:: TRY IT ::
Your copy should start at the line with "Handtasche CK Signature Top Handle MD Black" and end at the line with "Audi Tt Quantum Gray Edition" in the data below. Transcribe only those lines, exactly, pictures excluded.

:: RECORD SET ::
┌────────

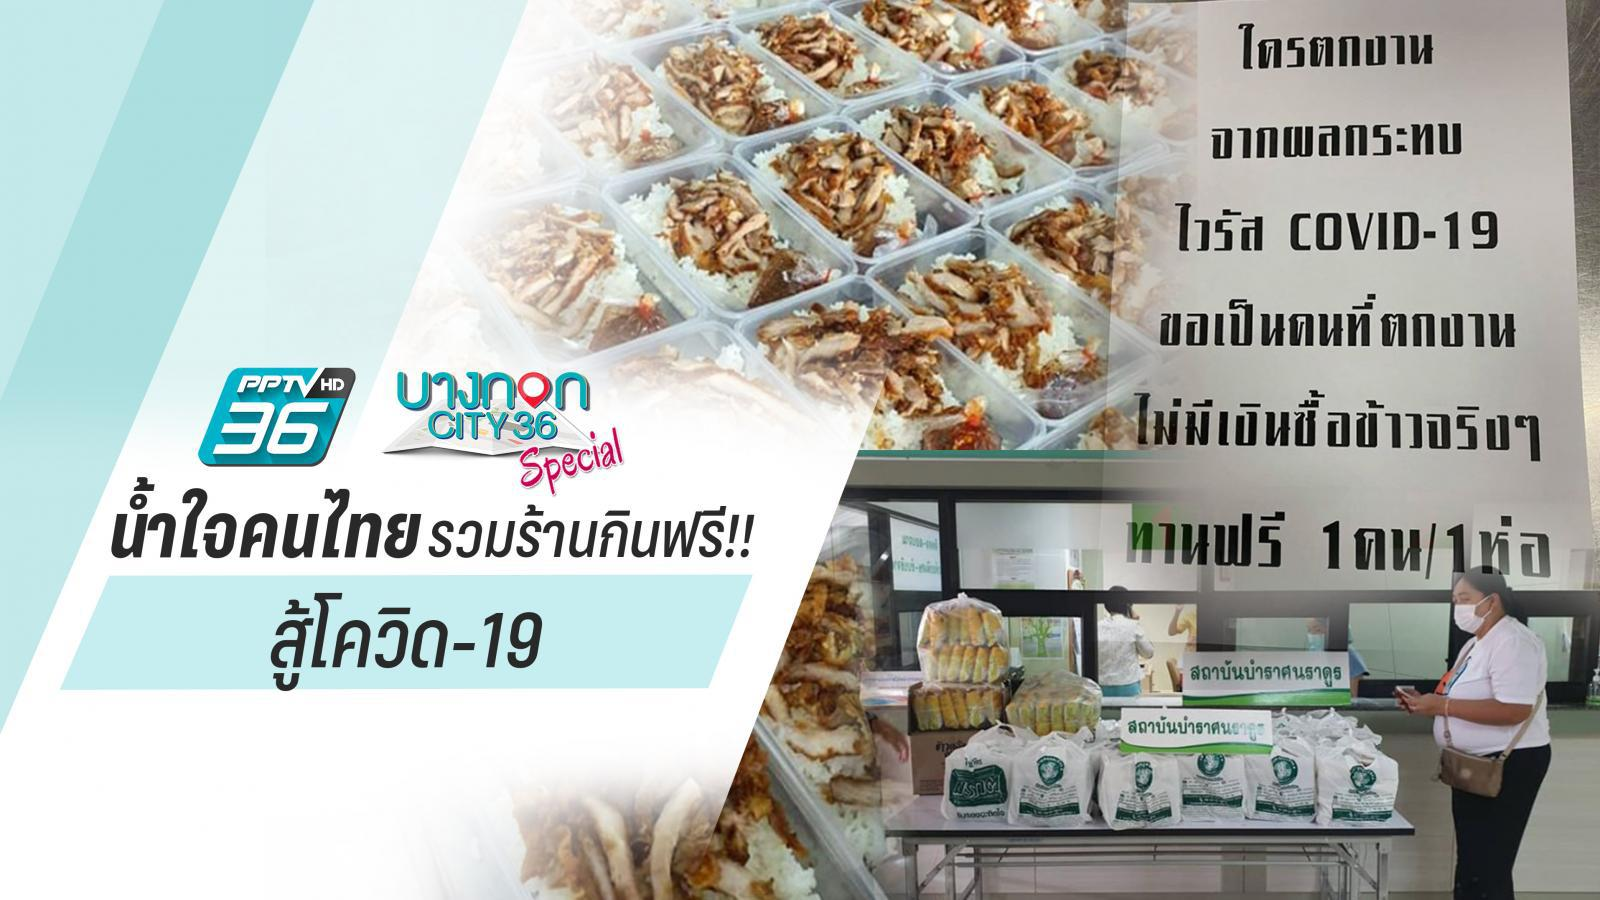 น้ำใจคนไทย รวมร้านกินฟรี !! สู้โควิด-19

└────────
┌────────

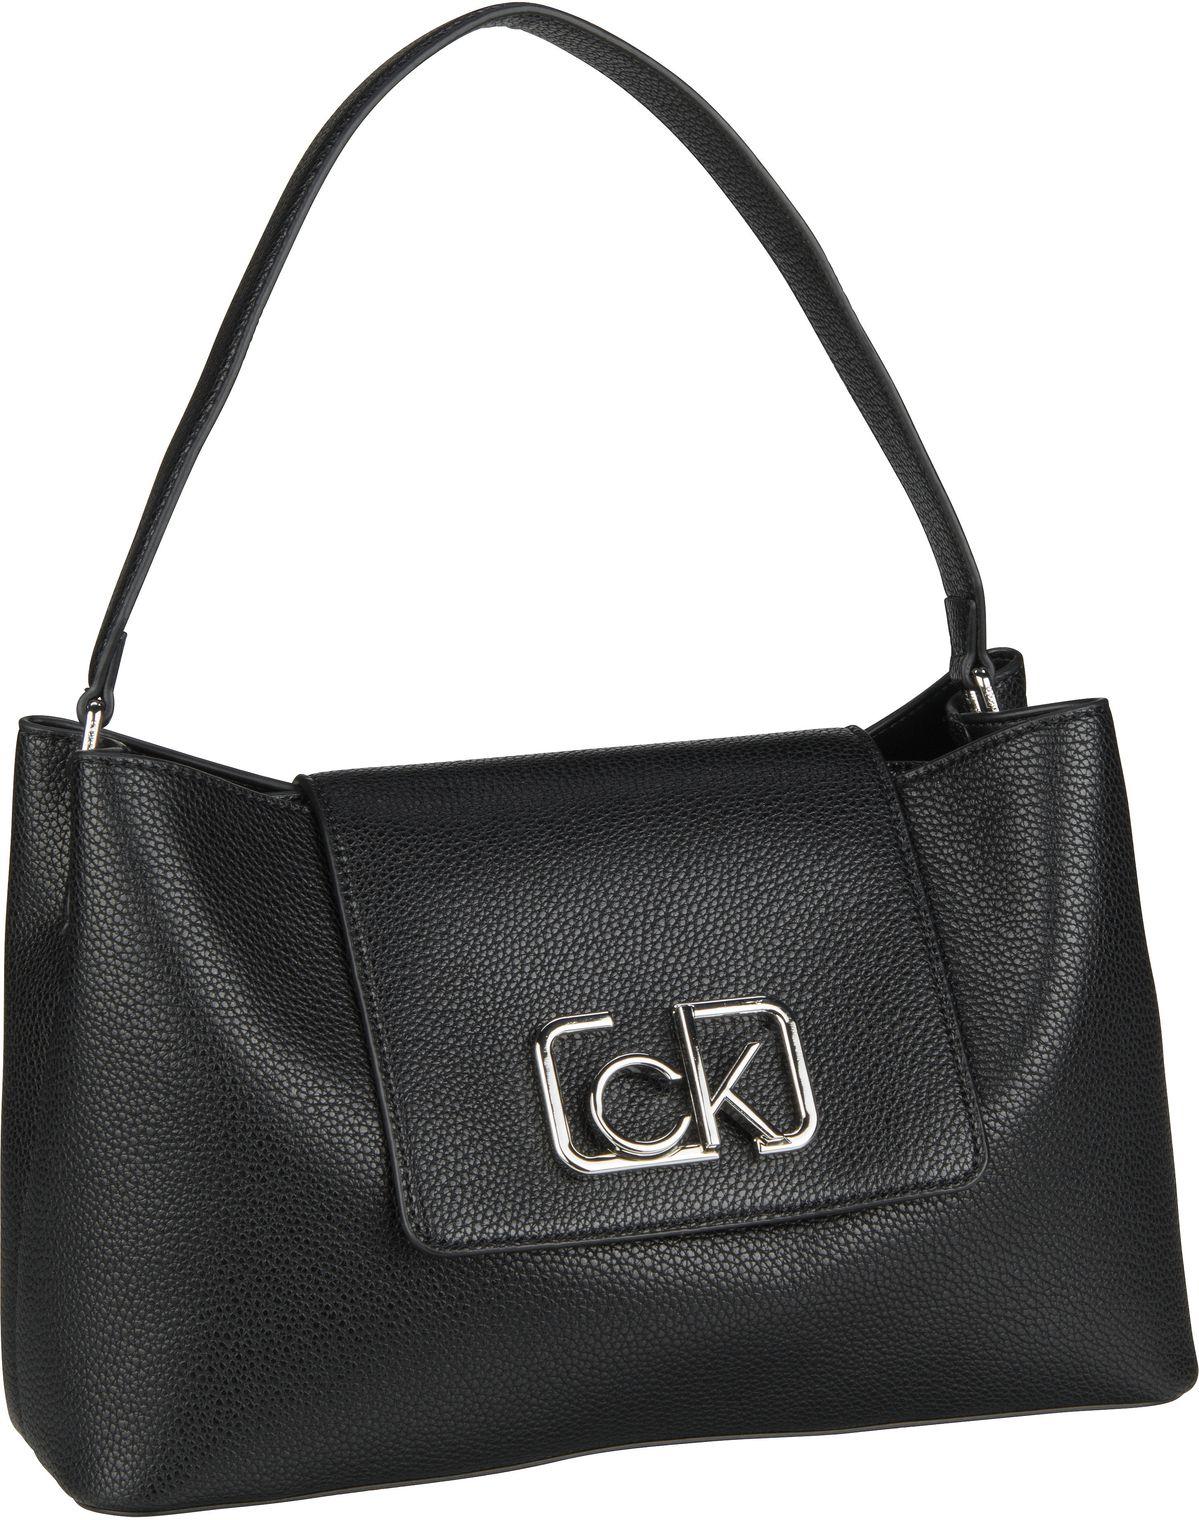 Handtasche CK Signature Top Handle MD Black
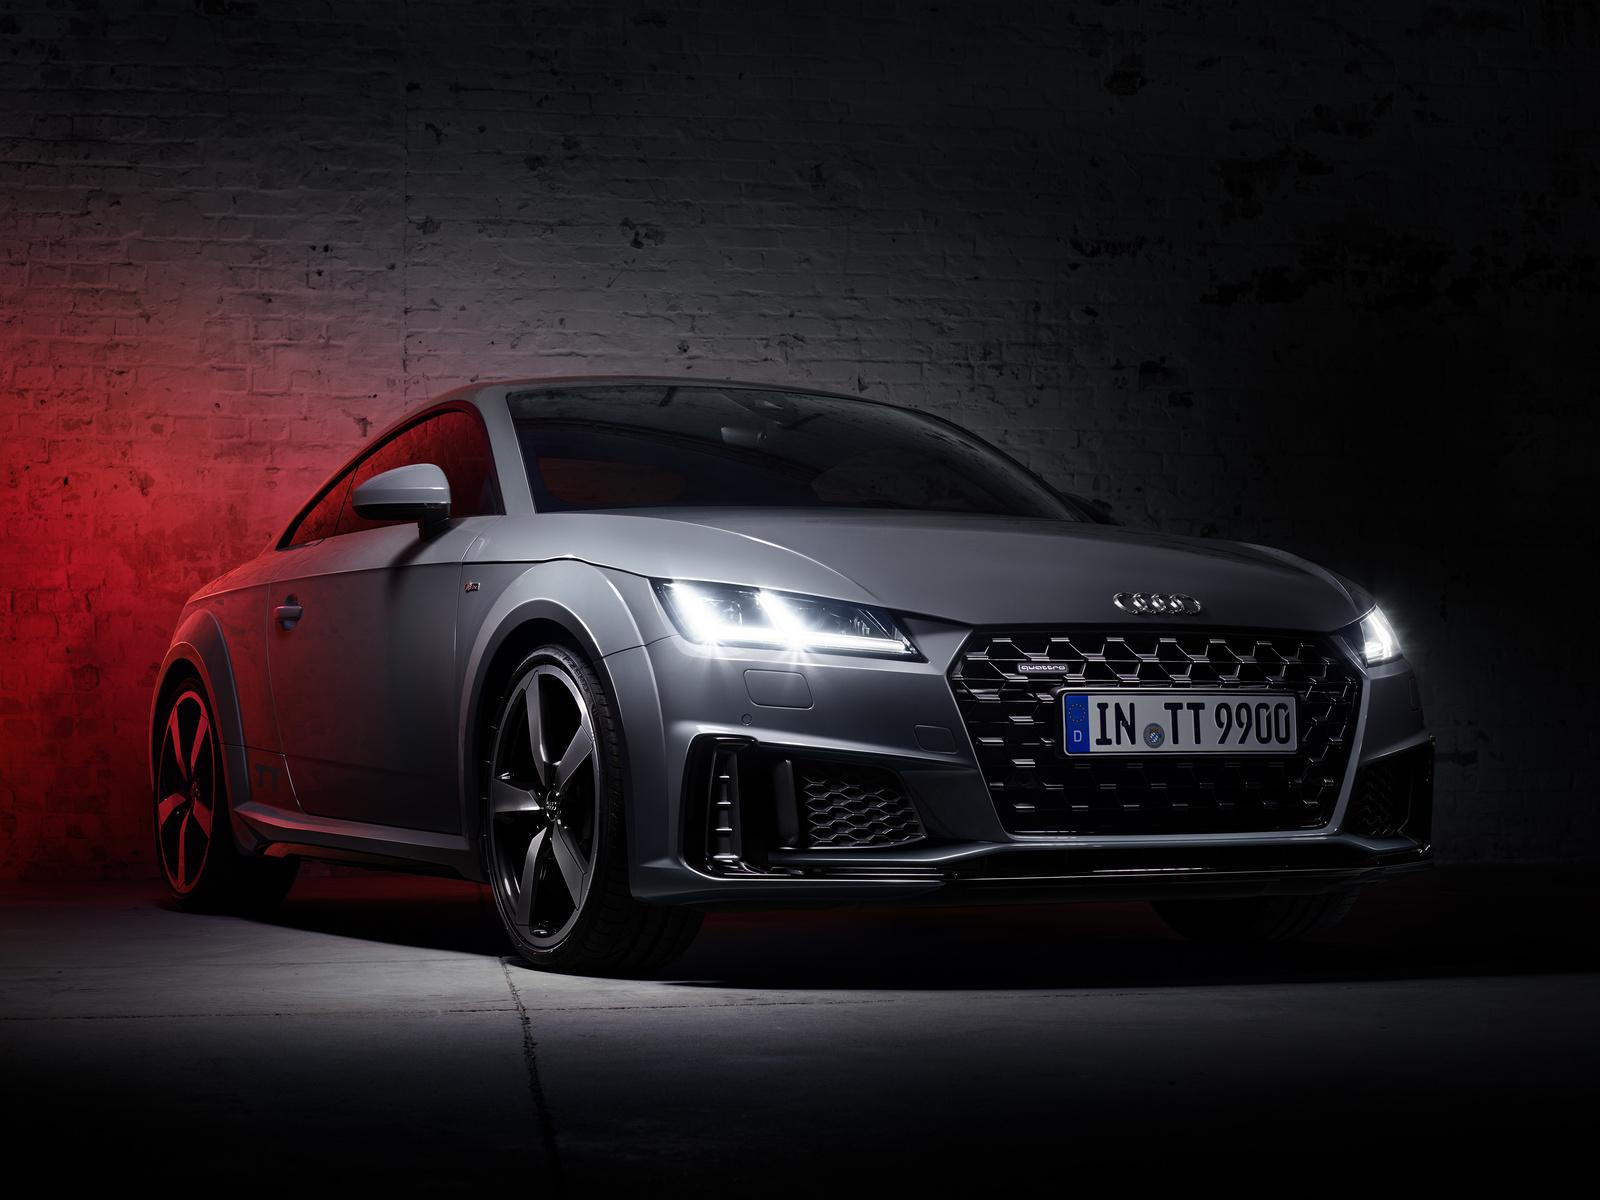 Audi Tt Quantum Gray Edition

└────────

:: TASK RESULT ::
 Handtasche CK Signature Top Handle MD Black
 Audi Tt Quantum Gray Edition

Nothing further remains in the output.